At first glance this looks like a garden railroad! A nine-arch stone viaduct, with a 7% grade and incredibly tight curves, looping over itself:

http://www.amusingplanet.com/2013/10/brusio-spiral-viaduct-in-switzerland.html

This bridge would make a great model.


----------



## Garratt (Sep 15, 2012)

Ray your link is a dud. Here it is:
Spiral Viaduct Switzerland 

The viaduct is 360 ft long, has a radius of 230 ft, a 7% grade, and is made up of nine spans, each 33 ft in length.

Andrew


----------



## Ray Dunakin (Jan 6, 2008)

Thanks, I forgot to leave off the "url" stuff.


----------



## bicyclexc (Mar 31, 2010)

Georgetown loop railroad, Swiss-style?


----------



## ShadsTrains (Dec 27, 2007)

We had a member here who had modeled this viaduct. I don't remember who it was.


----------



## Gary Armitstead (Jan 2, 2008)

Posted By ShadsTrains on 26 Oct 2013 08:56 AM 
We had a member here who had modeled this viaduct. I don't remember who it was. I believe it was Axel Tillman, owner of Train-Li. Long time ago.


----------



## Cougar Rock Rail (Jan 2, 2008)

Hi guys,

Werner from our train club just finished building the Brusio viaduct--he did an awesome job, complete with lights under the arches!










Keith


----------



## Gary Woolard (Jan 2, 2008)

What's the grade on that puppy?


----------



## TOM_1/20.3 (Mar 28, 2013)

Hi guys,
Took a trip with the Bernina Express in December of 1997-
Here some pix:






























Drives on the road through some villages.










Down toward Italy.










At the top of the pass.










The only negative is the almost constant squealing of the wheels due to the tight curves.

These are the worse in the tunnels that have 360 degree turns similar to the Brusio viaduct only totally within the mountains.

In any case the trip was awesome. Switzerland has great narrow gauge lines.

Have a great day,

TOM


----------



## Cougar Rock Rail (Jan 2, 2008)

What's the grade on that puppy? 

I can't recall exactly but he very cleverly built it to look steeper than it really is because of the way his yard slopes.

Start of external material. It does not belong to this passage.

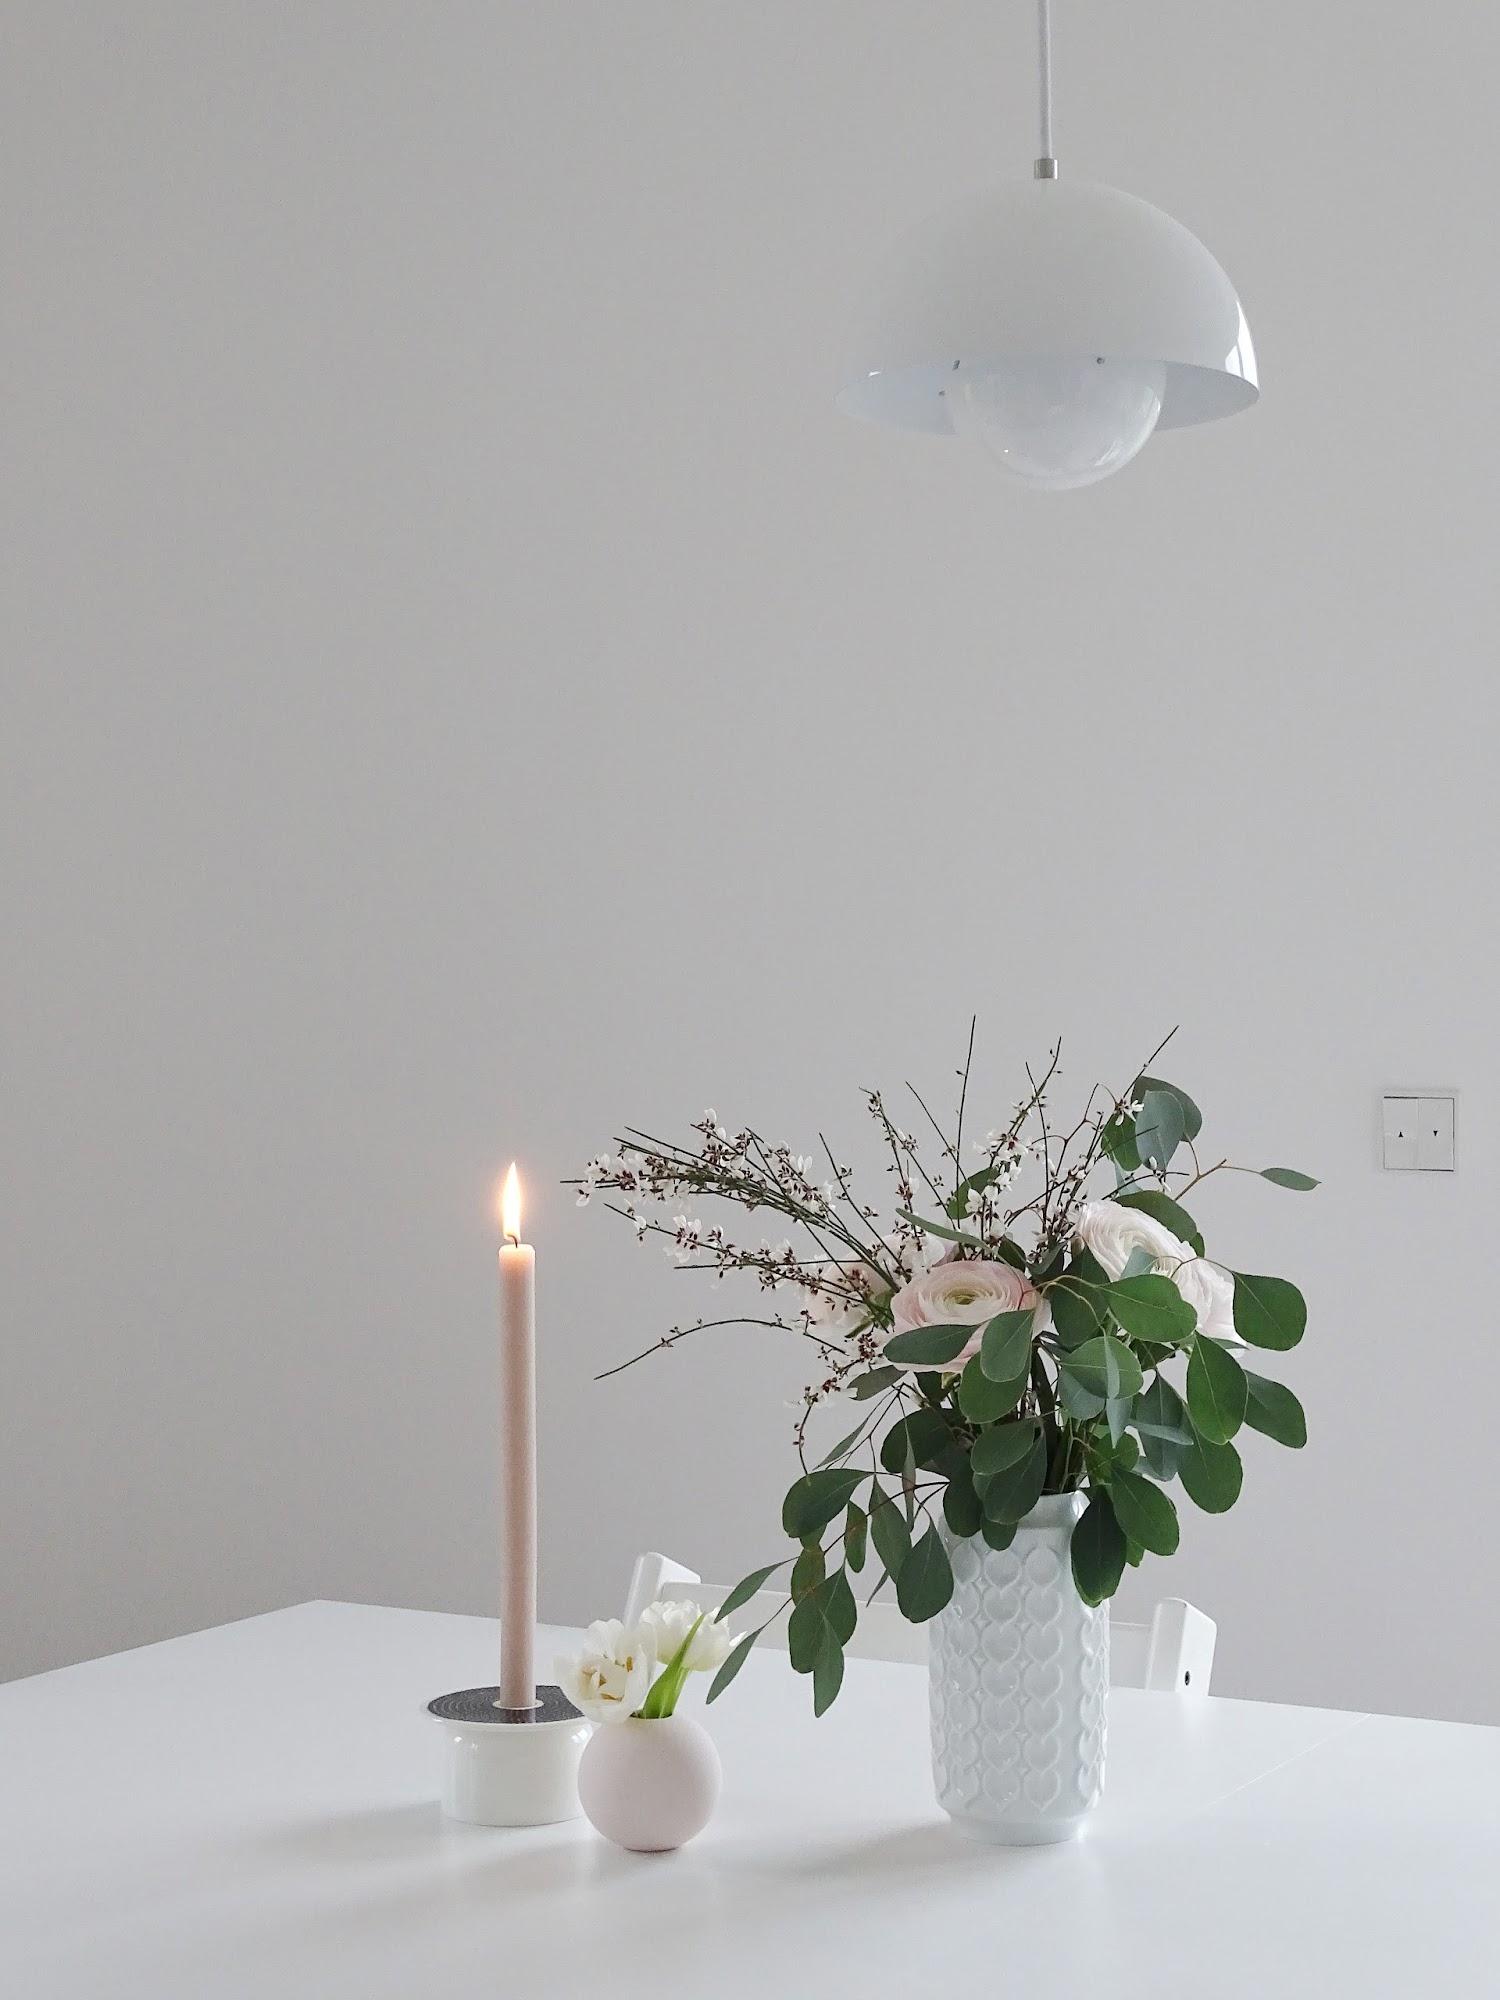 Blumenstyling-Idee mit Ranunkeln, Ginster und Eukalyptus | Fotoaktion #12von12 und 1 Tag in 12 Bildern | https://mammilade.blogspot.de

I think it may be 4% but I'll ask him--an LGB Ge4/4iii loco was able to pull eight full size passenger cars (just like the ones Tom's pictures actually) up it in with no problem. We put on three more and in the pouring rain it just barely made it. 

Those are nice pictures Tom--you can see why it's my favourite railway in the world and the one I try to model. 

Keith


----------